К его удивлению, Алекс, казалось, испытывал к дому схожие нежные чувства.
– Симпатичный старичок, – отметил брат в первый раз, когда Сэм провёл его по особняку. Как застройщик жилых домов Алекс был знаком с любыми возможными сложностями, возникающими в процессе строительства и реконструкции. – Здесь придётся проделать чёртову уйму работы. Но оно того стóит.
– Сколько денег потребуется, чтобы привести тут всё в порядок? – спросил Сэм. – Я просто хочу укрепить здание достаточно для того, чтобы дом не рухнул на меня, пока я сплю.
На этот вопрос глаза Алекса весело вспыхнули:
– Если ты без перерыва в течение недели будешь спускать в унитаз стодолларовые купюры, то их как раз хватит, чтобы добиться нужного результата.
Сэма его слова не убедили. Он приобрёл сию собственность и начал трудиться, приводить её в божеский вид. И Алекс привёл свою бригаду строителей, чтобы помочь с наиболее сложными задачами, такими, как замена подстропильных балок парадного крыльца и ремонт повреждённых.
– Я делаю это не для тебя, – заявил Алекс, когда Сэм выразил свою благодарность. – Я делаю это для Холли.

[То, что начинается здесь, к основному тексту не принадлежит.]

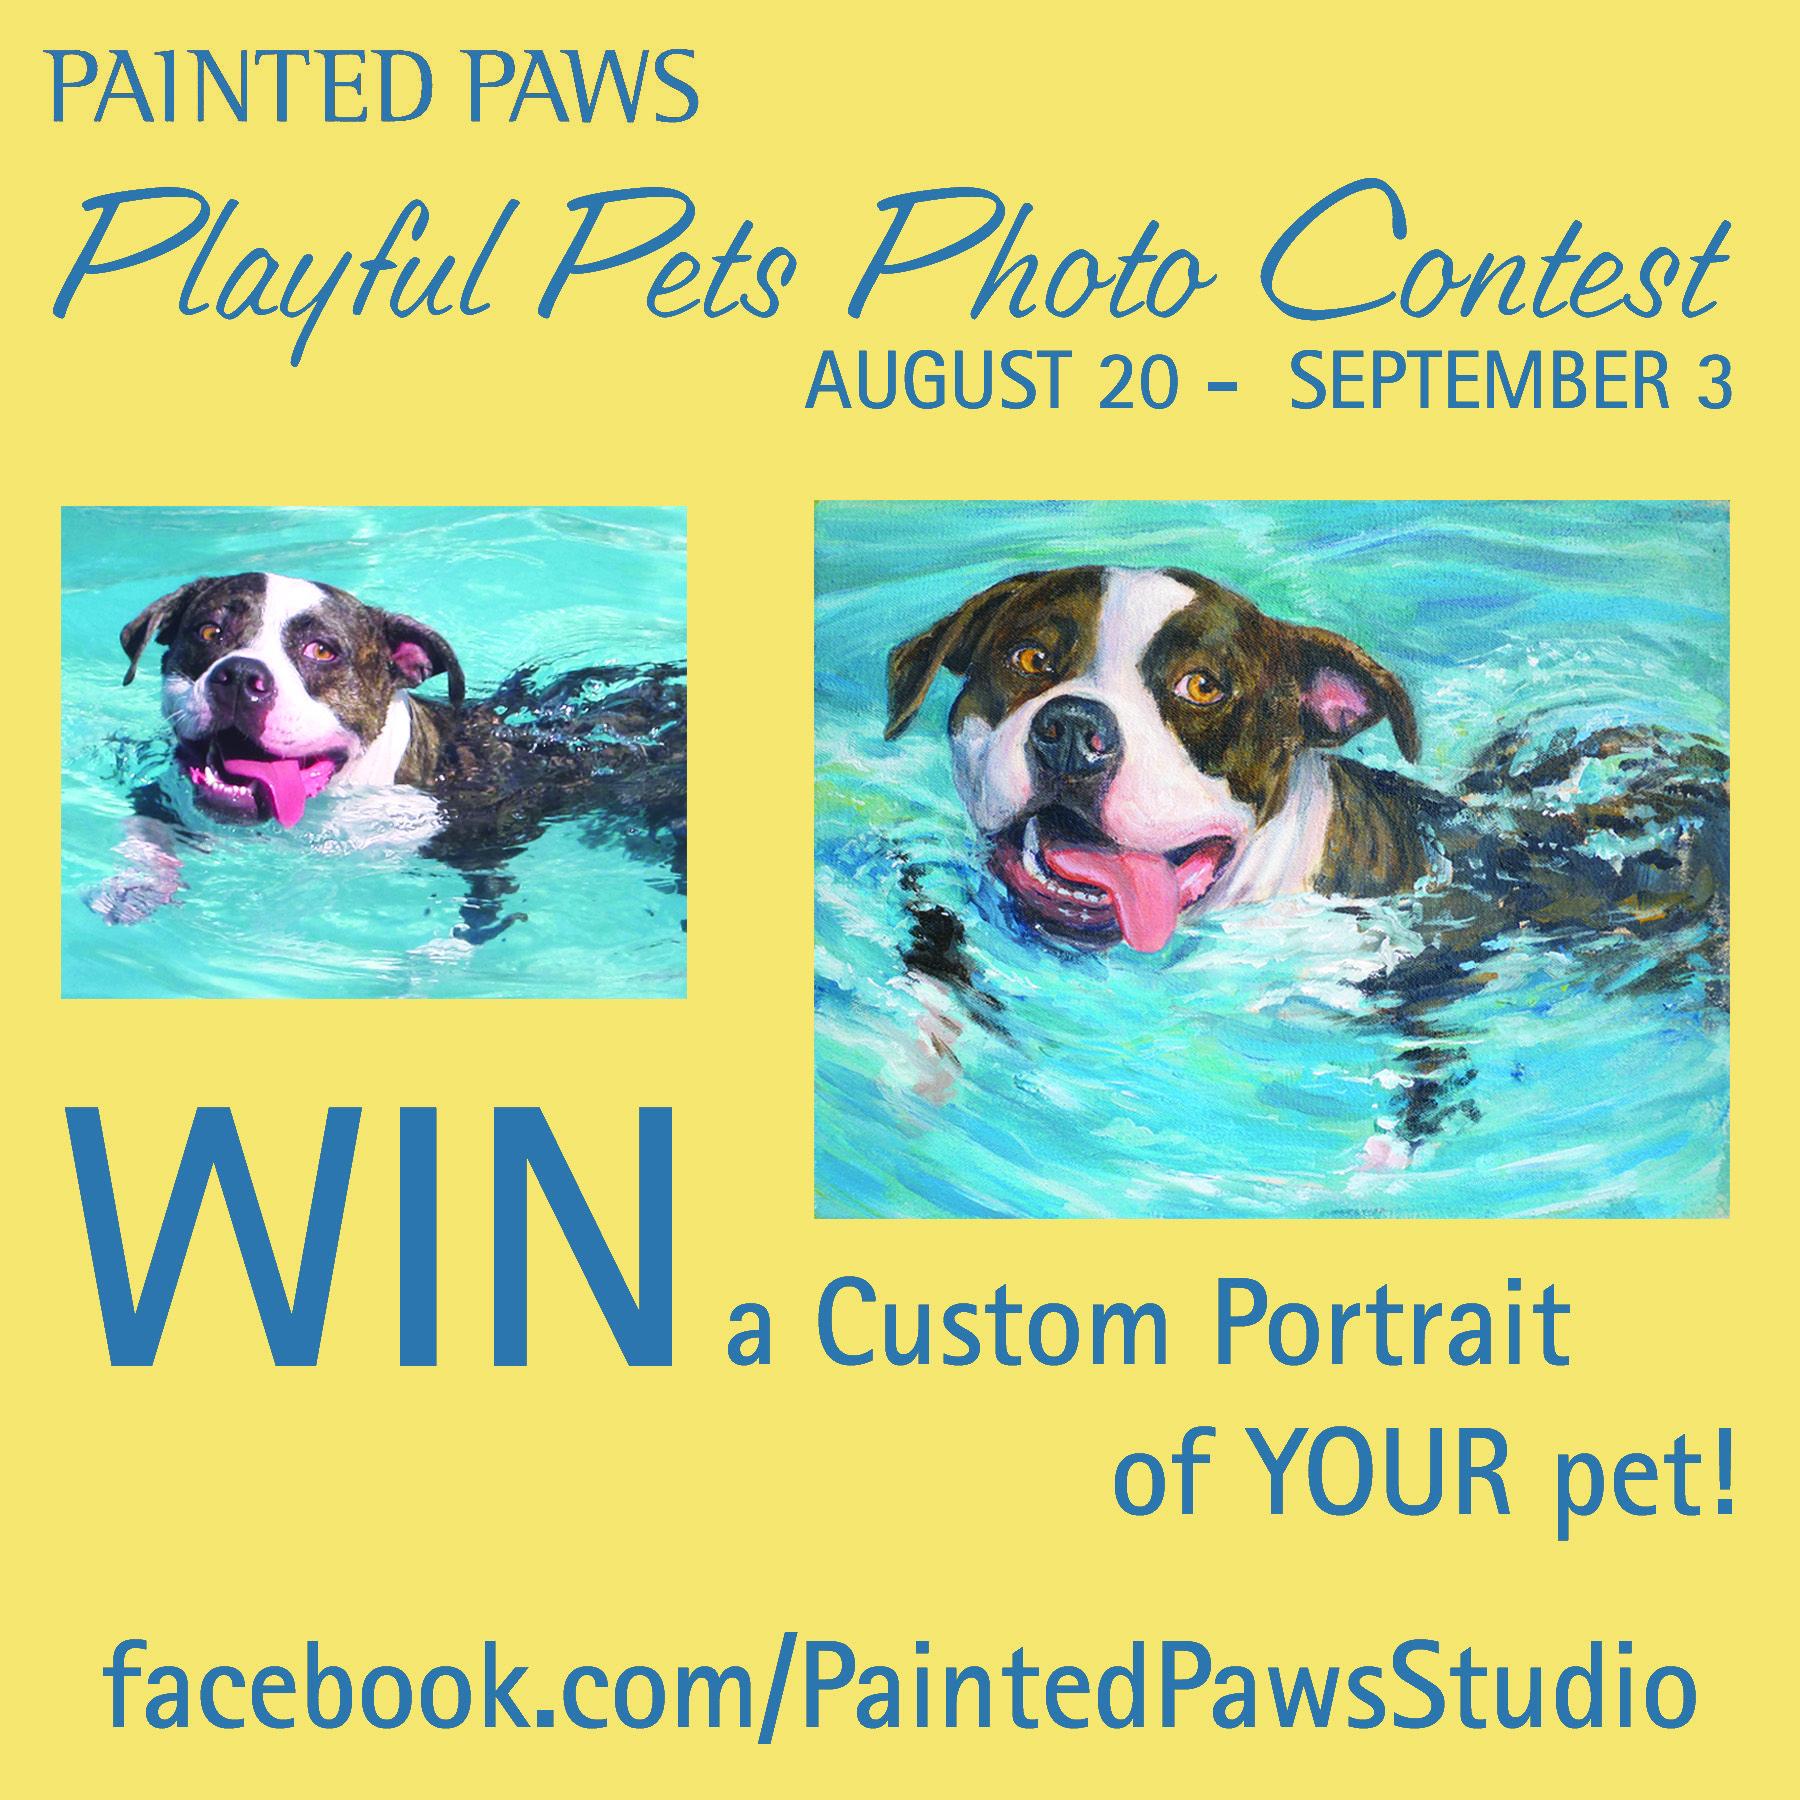 Win A Custom Pet Painting Facebook Com Paintedpawsstudio For Details Playfulpet Custompetportrait Paint Custom Pet Portraits Pet Photo Contest Paw Painting

Годом раньше, в дождливую апрельскую ночь в Сиэтле, их единственная сестра Виктория погибла в автокатастрофе, оставив шестилетнюю дочь. Поскольку Виктория никогда даже не намекала о том, кто отец девочки, Холли осиротела. Её ближайшими родственниками оказались трое дядьёв: Марк, Сэм и Алекс.
Марк, старший, был назначен опекуном Холли, и просил Сэма помочь вырастить девочку.
– Я не понимаю, чем я могу помочь, – объяснял ему Сэм. – Я не имею элементарного понятия обо всей этой чертовщине, что делает людей семьёй.
– Ты думаешь, я знаю? У нас были одни и те же родители, помнишь?
– Мы не имеем права браться за воспитание ребёнка, Марк. Ты знаешь, сколько существует способов разрушить чью-то жизнь? Особенно жизнь маленькой девочки.
– Заткнись, Сэм, – похоже, теперь Марк забеспокоился.
– Как насчёт родительских собраний? Ты что, будешь брать её в мужской туалет? Да как вообще мы будем делать вещи такого рода?
– Я разберусь. Просто позволь нам жить здесь.
– Как насчёт моей сексуальной жизни?
Марк бросил на него раздражённый взгляд:
– Это на самом деле всё, что тебя волнует, Сэм?
– Я пустышка. Подай на меня в суд.
Но в итоге Сэм, конечно, дал своё согласие. Он был в долгу перед Марком, который всегда действовал, не дожидаясь, пока возникнет трудная ситуация. И даже более того, Сэм задолжал Виктории. Он никогда не был близок с сестрой, никогда не поддерживал её, так что меньшее, что он мог сделать – это позаботиться об её осиротевшей дочери.
Чего Сэм не ожидал, так это того, что Холли с такой лёгкостью завоюет его сердце. Это было как-то связано со статуэтками и ожерельями из макарон, которые она приносила домой из школы. И характерными чёрточками Виктории, которые Сэм подмечал в девочке, усмешками, от которых морщился её носик, её сосредоточенным взглядом, когда она из палочек от мороженого и клея сооружала коробочку или читала книжку о говорящих зверушках.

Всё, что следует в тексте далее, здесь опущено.